Can we remove the absolute value when doing Diophantine Approximation?

Question

This is a very general question. For Diophantine Approximation propositions, the statements always include the absolute value sign, but I think if we can remove the absolute value sign, the approximation will become more useful.

For example, we have Hurwitz's theorem:

For any irrational $\zeta$ there are infinitely many pairs of integers $p,q$ such that $|\zeta - p/q|<\frac{1}{\sqrt{5}q^2}$

However, when we remove the absolute value, is the following statement true or not?

For any irrational $\zeta$ there are infinitely many pairs of integers $p,q$ such that $0<\zeta - p/q<\frac{1}{\sqrt{5}q^2}$

This is just example. My main question is: Is there any theory about it? Where can I get the reference on this topic?

Answer 1

I don't know whether you can drop the absolute value in the approximation. However, it will be true if you drop both the absolute value and the factor $\frac{1}{\sqrt{5}}$.

Quoting material from $\S$ 1.3 of Ivan Niven's book Diophantine Approximations, we have following asymmetric approximation of irrational numbers.

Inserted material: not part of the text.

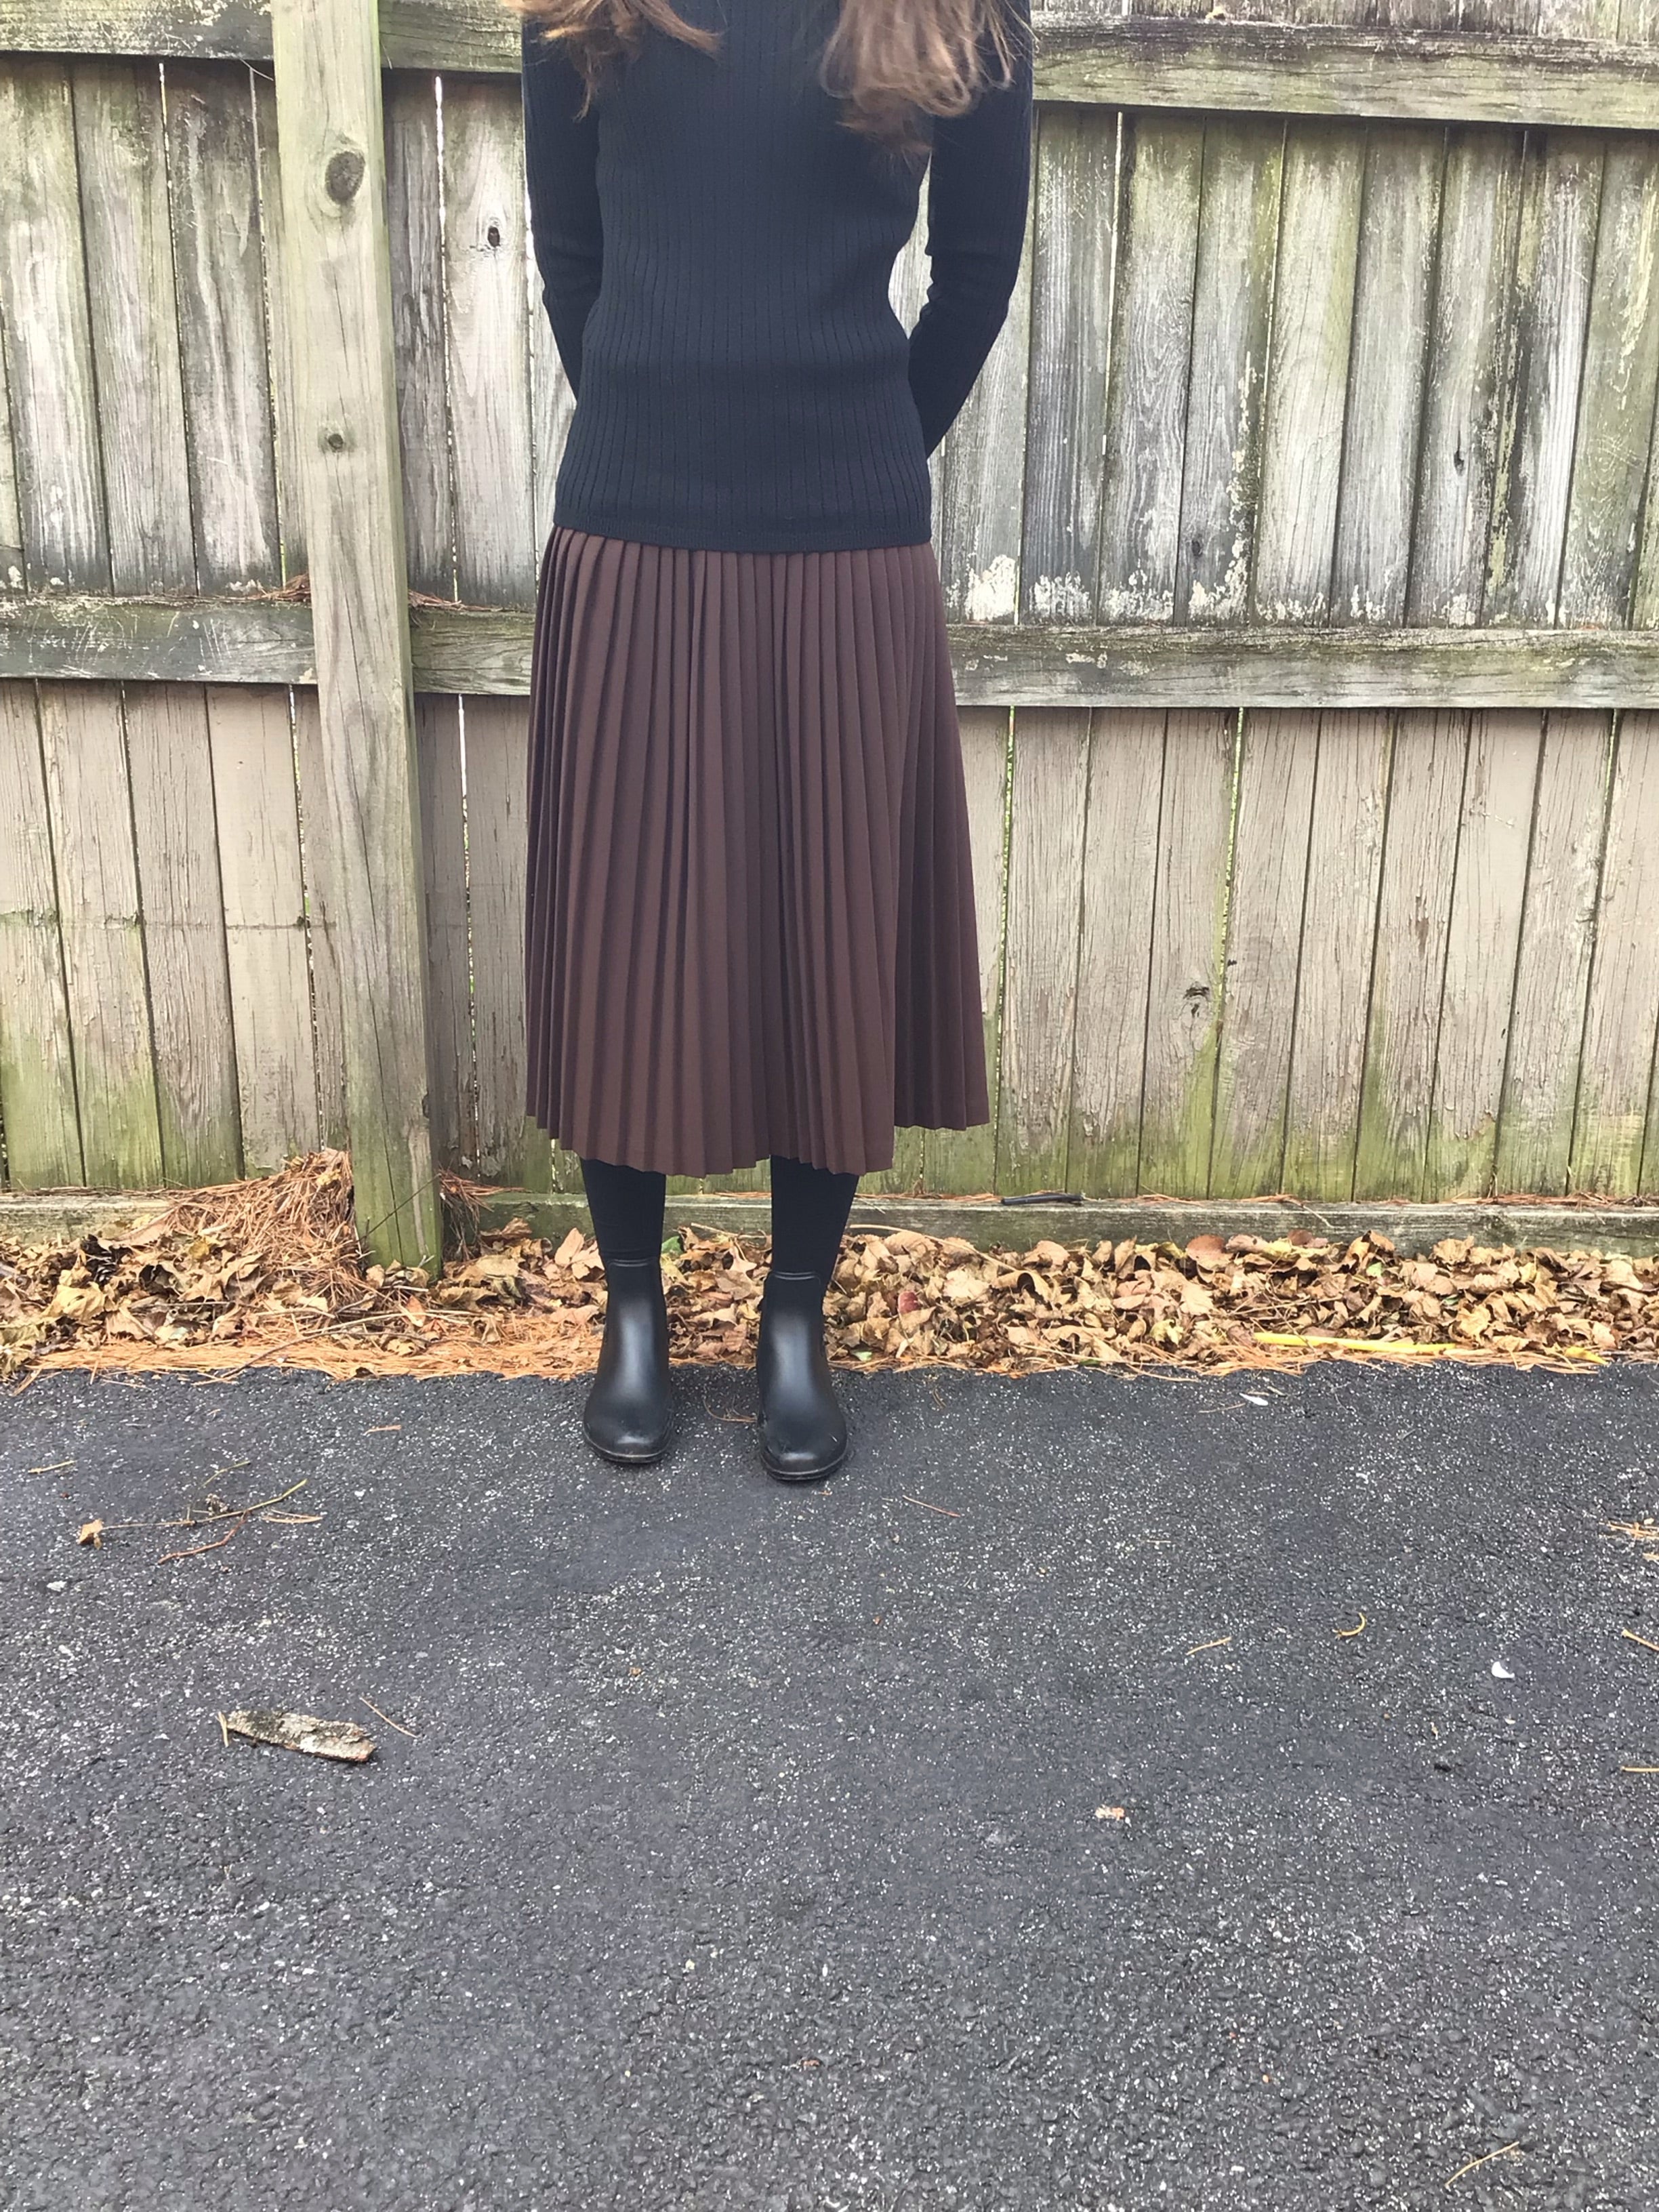 Accordian Pleated Skirt 442

Theorem 1.7 - Given any irrational number $\theta$ and any non-negative real number $\tau$, there exists infinitely many rational numbers $\frac{h}{k}$ such that $$-\frac{1}{\sqrt{1+4\tau}k^2} < \theta - \frac{h}{k} < \frac{\tau}{\sqrt{1+4\tau}k^2}$$ Furthermore, the statement holds if we replace the central piece by $\frac{h}{k} - \theta$.

As a corollary,

Corollary 1.9 - Given any irrational $\theta$, there are infinitely many rationals $\frac{h}{k}$ such that $$-\frac{1}{k^2} < \theta - \frac{h}{k} < 0$$ and also infinitely many rationals $\frac{h}{k}$ such that $$ 0 < \theta - \frac{h}{k} < \frac{1}{k^2}$$